James A. McGee

Inside Media: FBI Hostage Rescue

June 06, 2009

Guest: James A. McGee

By Lesette R. Heath, special programs coordinator

Contrary to popular belief, the press and law enforcement can work well together. Retired FBI special agent James McGee pointed to The New York Times and The Washington Post’s decision to publish the “Unabomber Manifesto” as the perfect example.

“That was a joint effort between the media and law enforcement, and it led to [Theodore] Kaczynski’s capture,” said McGee, who joined the FBI in 1986 and became one of its most decorated agents.

McGee says that in any crisis situation “you must coordinate what’s happening with the media. You have to do routine press conferences and press releases to keep the media and the public advised.”

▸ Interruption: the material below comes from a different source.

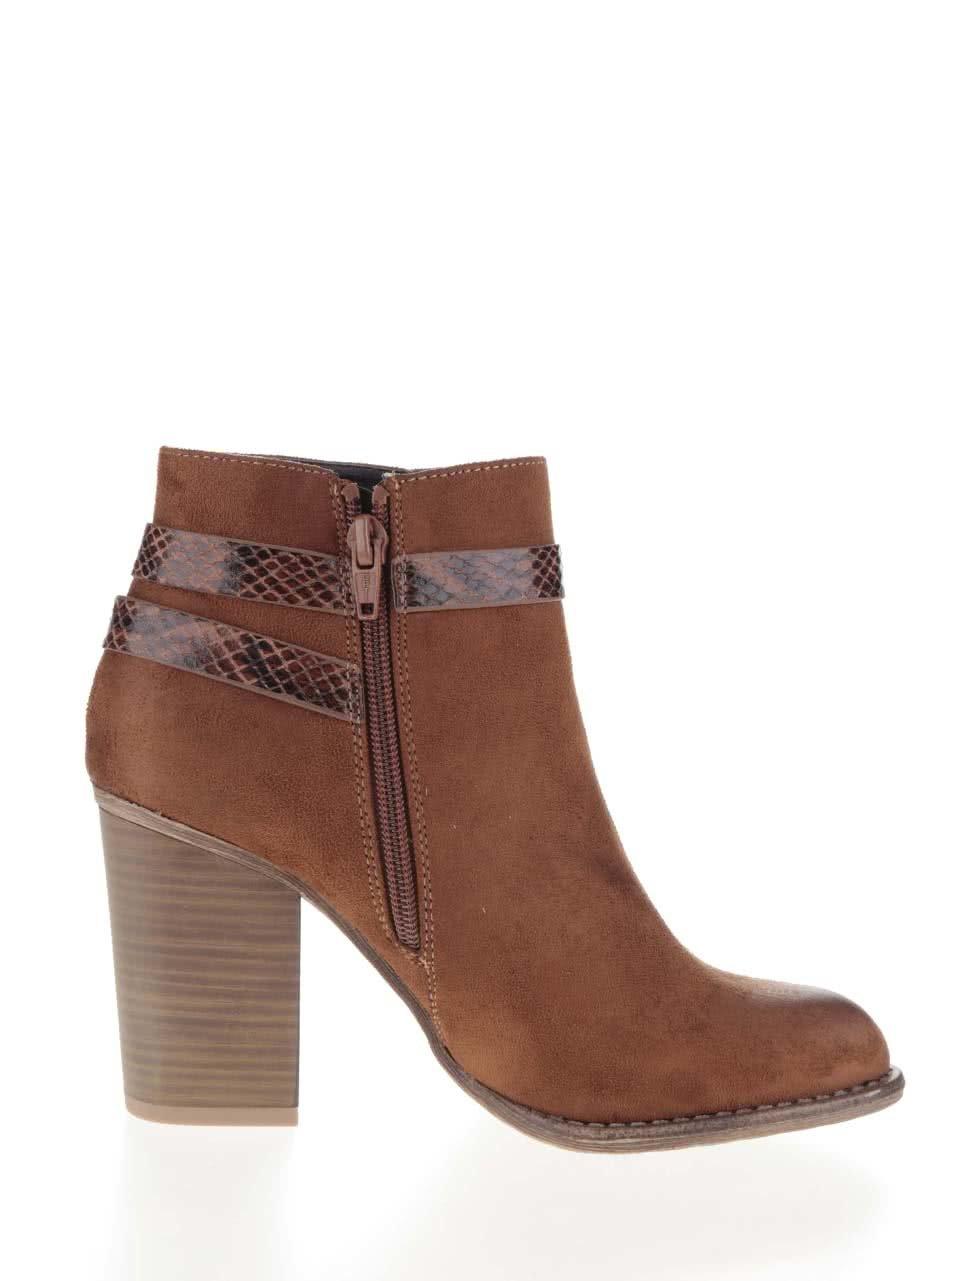 bca63750c2 Hnedé členkové topánky v semišovej úprave na podpätku Dorothy Perkins ...
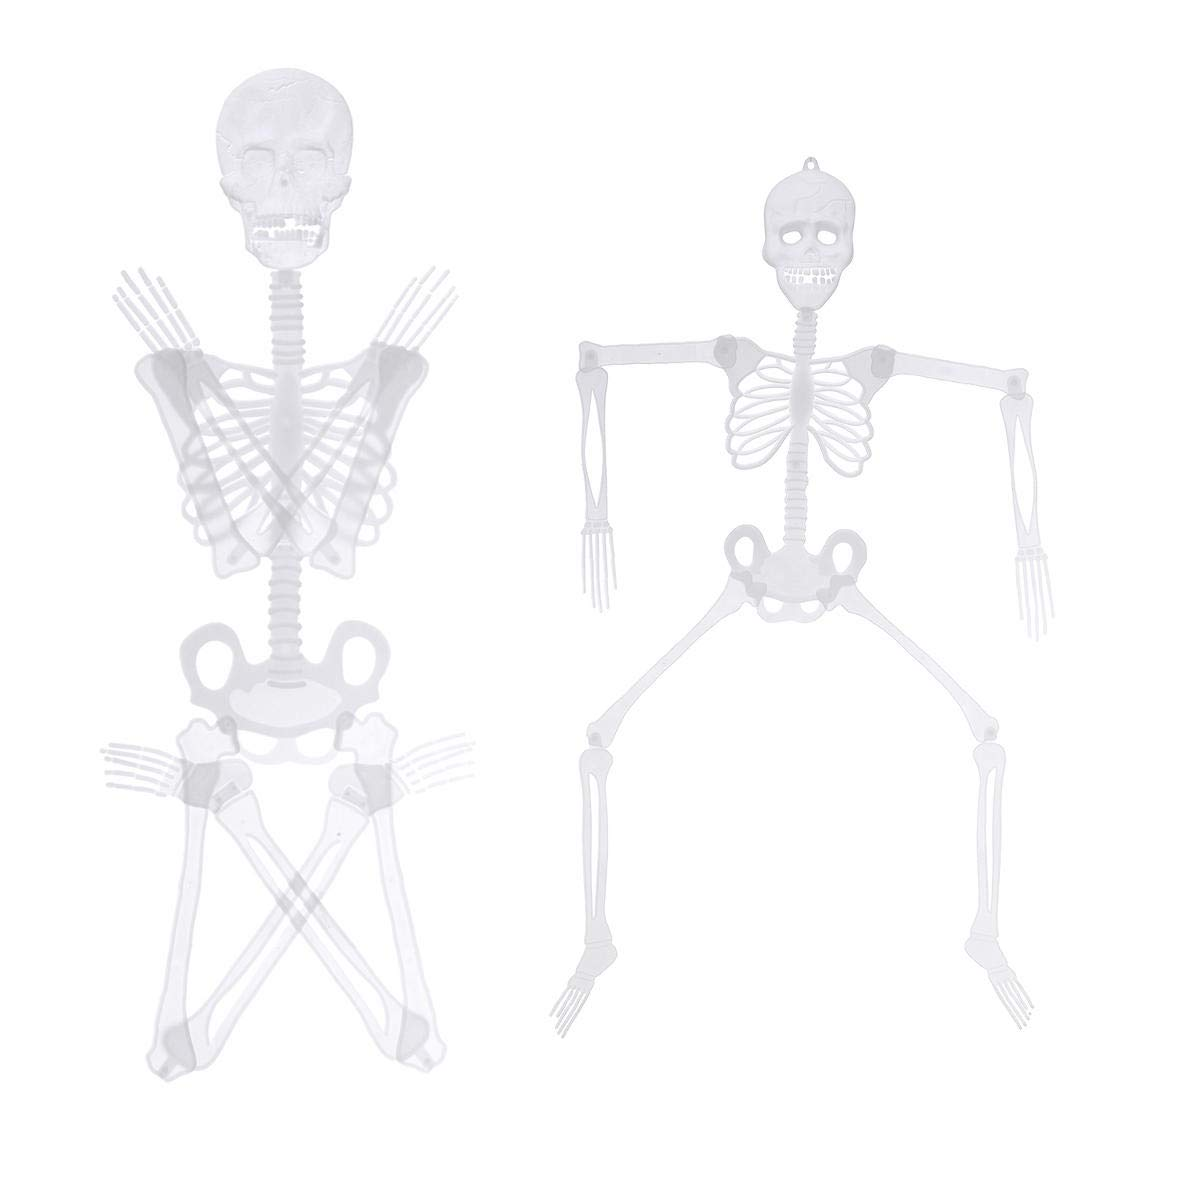 Halloween Luminou Human Skeleton Decoration Classroom Occasionally Adjustable - 1PCs by Unknown (Image #5)

This was a lesson learned during the 1993 standoff in Waco, Texas, between Branch Davidian leader David Koresh and the FBI.

Unlike today, the FBI had not developed a thorough plan for responding to a crisis like Waco and the media frenzy that ensued, McGee said. After 51 days, the siege ended in tragedy, when dozens of Koresh’s followers died in a fire set from inside the compound. McGee, a member of the FBI’s elite hostage rescue team, received the Medal of Valor for rescuing one of the few survivors. The FBI, however, received negative publicity for its handling of the situation.

“We couldn’t talk to the media, because we were placed under a gag order, and I don’t think that helped the FBI’s reputation,” he said. “You want to serve your country. You don’t want to be perceived as the bad guy.”

McGee’s new book “Phase Line Green” is his personal account of the 1991 rescue of nine hostages held captive in a federal correctional institute in Talladega, Ala. He signed copies after the program.

McGee’s body armor and Medal of Valor are on display in the Newseum’s “G-Men and Journalists” exhibit.